For decades, transactions have been the mechanism of choice for simplifying issues like crashes, failures, and interruptions. A transaction is a way for an application to group several reads and writes together into a logical unit. Conceptually, all the reads and writes in a transaction are executed as one operation: either the entire transaction succeeds (commit) or it fails (abort, rollback). If it fails, the application can safely retry. With transactions, error handling becomes much simpler for an application, because it doesn't need to worry about partial failure.
Information on this page is taken from Designing Data-Intensive Applications by Martin Kleppmann.

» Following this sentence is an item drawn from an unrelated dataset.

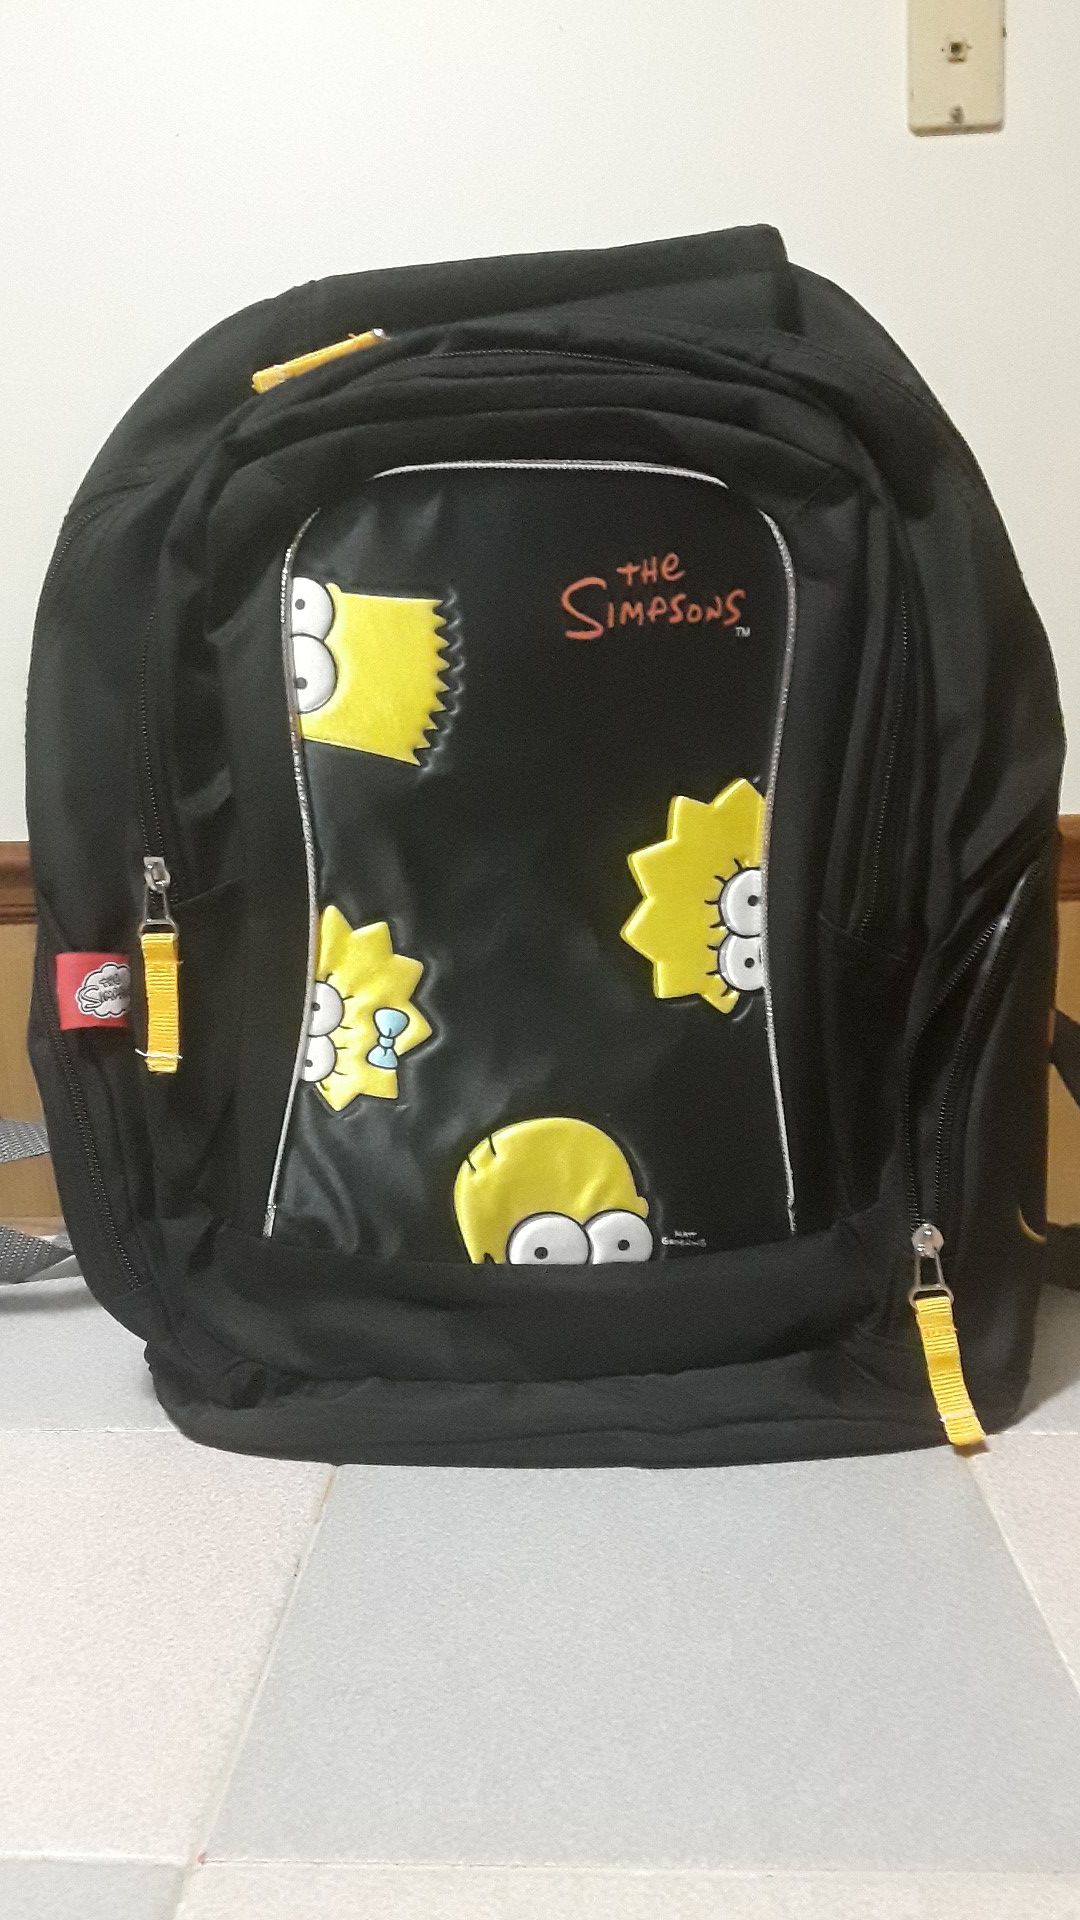 Backpack of the simpsons

The safety guarantees provided by transactions are often described by the well-known acronym ACID: Atomicity, Consistency, Isolation, and Durability.
In general, atomic refers to something that cannot be broken down into smaller parts. In ACID, atomicity describes what happens if a client wants to make several writes, but a fault occurs after some of the writes have been processed. If the writes are grouped together into an atomic transaction, and the transaction cannot be committed due to a fault, then the transaction is aborted and the database must discard or undo any writes it has made so far.
In ACID, consistency means that you have certain statements about your data (invariants) that must always be true. If a transaction starts with a database that is valid according to these invariants, and any writes during the transaction preserve the validity, then you can be sure that the invariants are always satisfied. Consistency is really a property of the application rather than the database.
Isolation in the sense of ACID means that concurrently executing transactions are isolated from each other: they cannot step on each other's toes. The classic database textbooks formalize isolation as serializability, which means that each transaction can pretend that it is the only transaction running on the entire database. The database ensures that when the transactions have committed, the result is the same as if they had run serially (one after another), even though in reality they may have run concurrently.
Durability is the promise that once a transaction has committed successfully, any data it has written will not be forgotten, even if there is a hardware fault or the database crashes. In a single-node database, durability typically means that the data has been written to disk and potentially a write-ahead log. In a replicated database, durability may mean that the data has been successfully copies to some number of nodes.
Storage engines almost universally aim to provide atomicity and isolation at the level of a single object. But do we need multi-object transactions? In many cases, writes to several different objects need to be coordinated.
- In a relational database, multi-object transactions allow you to ensure that foreign key references remain valid even when inserting several records that refer to one another.
- In a document data model, multi-object transactions help ensure that denormalized (duplicated) data doesn't go out of sync.
- Transactions can help ensure secondary indexes are up to date.
A simple and effective error handling mechanism is to retry an aborted transaction. But this isn't perfect. For example, if the error was really due to a network failure, a retry might cause the operation to happen twice. Additionally, if the error is due to overload, a retry will only make the problem worse.